Project Legal Link for legal-social service coordination

Project Legal Link - coordinating social and legal services - open law lab - Screen Shot 2015-04-24 at 10.34.04 PM
I’m excited to see the development of Project Legal Link, a new type of resource that links social & legal services together in the Bay Area.

I was introduced to it last year by the woman who is making it happen — Sacha Steinberger. Sacha is a lawyer, & and decided to focus on the problem of how people other than lawyers can get the right legal help for their clients and users who have come for help on other kinds of social issues. She noticed that it’s hard for non-lawyers to figure out who to be reaching out to, how to make an effective referral, and how to get the right info from group to group.

The Tipping Point Community is funding her work & it is wonderful to see how the site has developed in a short time. She has built a visually appealing, uncluttered & graphic way to help non-lawyers figure out legal options for their clients. There is enormous value in building a system that ensures more holistic care for people with life problems (legal & otherwise) and coordinates warm hand-offs and info-sharing among different service providers.

Here is how the project is officially described, and then find some more screenshots of the site:

In partnership with Tipping Point Community, Project Legal Link assists social service providers to help their clients access legal services. Specifically, we train and equip caseworkers at social service organizations to identify legal issues and refer clients to the appropriate legal resources. We organize the legal landscape so caseworkers don’t have to, and we assist caseworkers in understanding and navigating it.

WHAT WE DO: Our work takes three primary forms:

Train: we train caseworkers to identify and refer legal issues;

Refer: we provide curated referrals for clients’ issues; and

Support: we provide support to caseworkers with questions such as whether a legal issue exists and what to do about it.

Ours is not a one-size-fits-all approach. We get to know each organization, we tailor our services to its staffs’ and clients’ needs, and we support the organization’s work by focusing on the removal of their clients’ legal barriers.

WHY WE DO IT: At Project Legal Link we know that:

The need for legal services is great: low-income households face an average of one to three legal issues each year. If unresolved, these issues are a barrier to meeting basic needs.

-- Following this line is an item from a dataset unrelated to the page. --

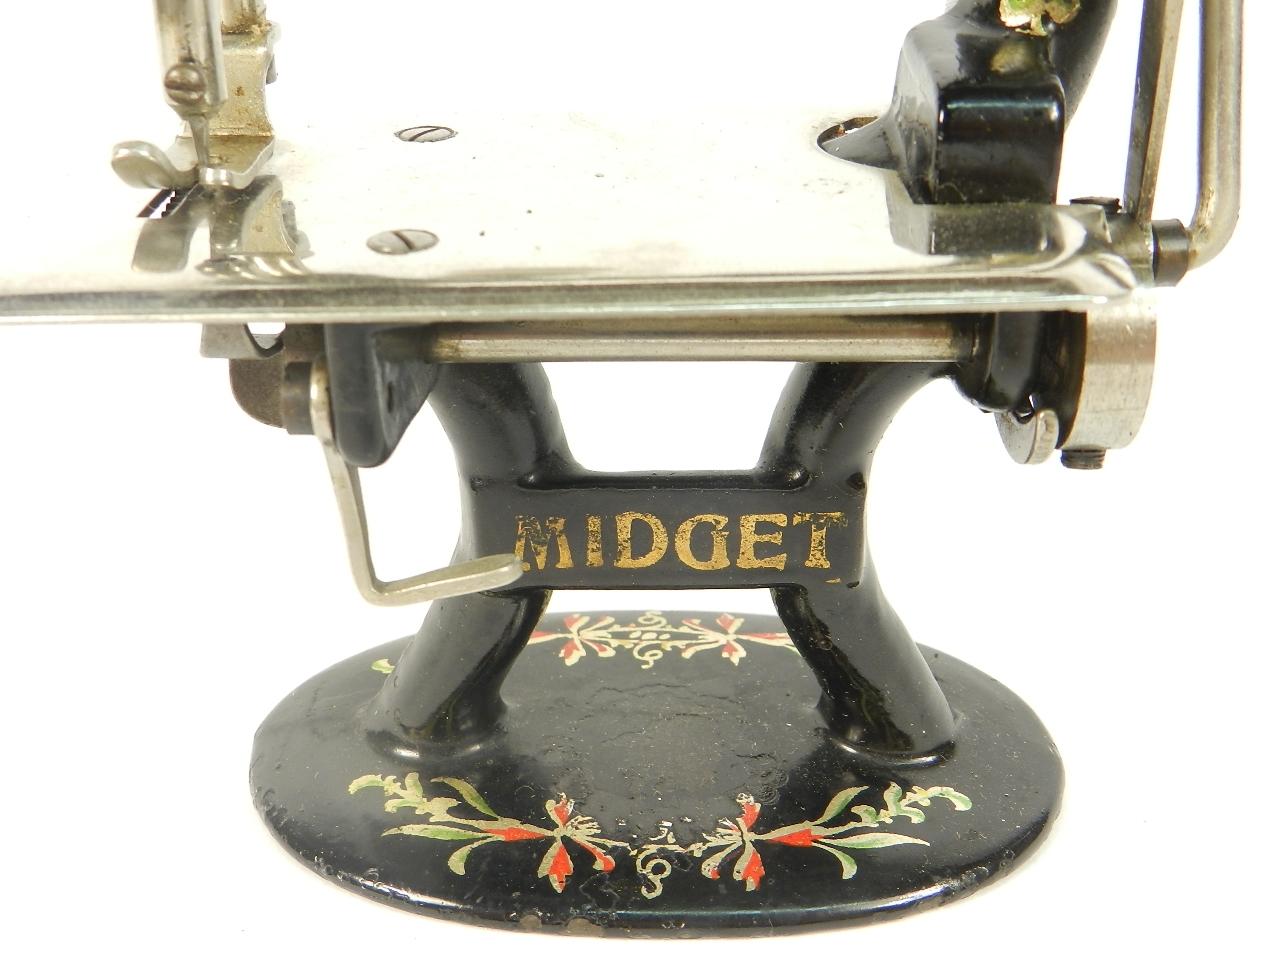 Imagen MIDGET FOLEY & WILLIAMS AÑO 1900 35604

The legal system is not intuitive: the legal world is cumbersome, intimidating, and hard to navigate.

Social and legal services rarely coexist: on the social service side, most organizations lack tools such as legal screening devices, referral lists, and trainings related to the legal world.

Caseworkers are the link: caseworkers often become trusted advisors for low-income individuals. In a network of support, the relationship between caseworkers and clients are among the strongest.

Our bet is that caseworkers are a critical bridge between low-income people and the legal services they need. Project Legal Link aims to build on the trust between the caseworker and the client and assist caseworkers in moving their clients out of poverty.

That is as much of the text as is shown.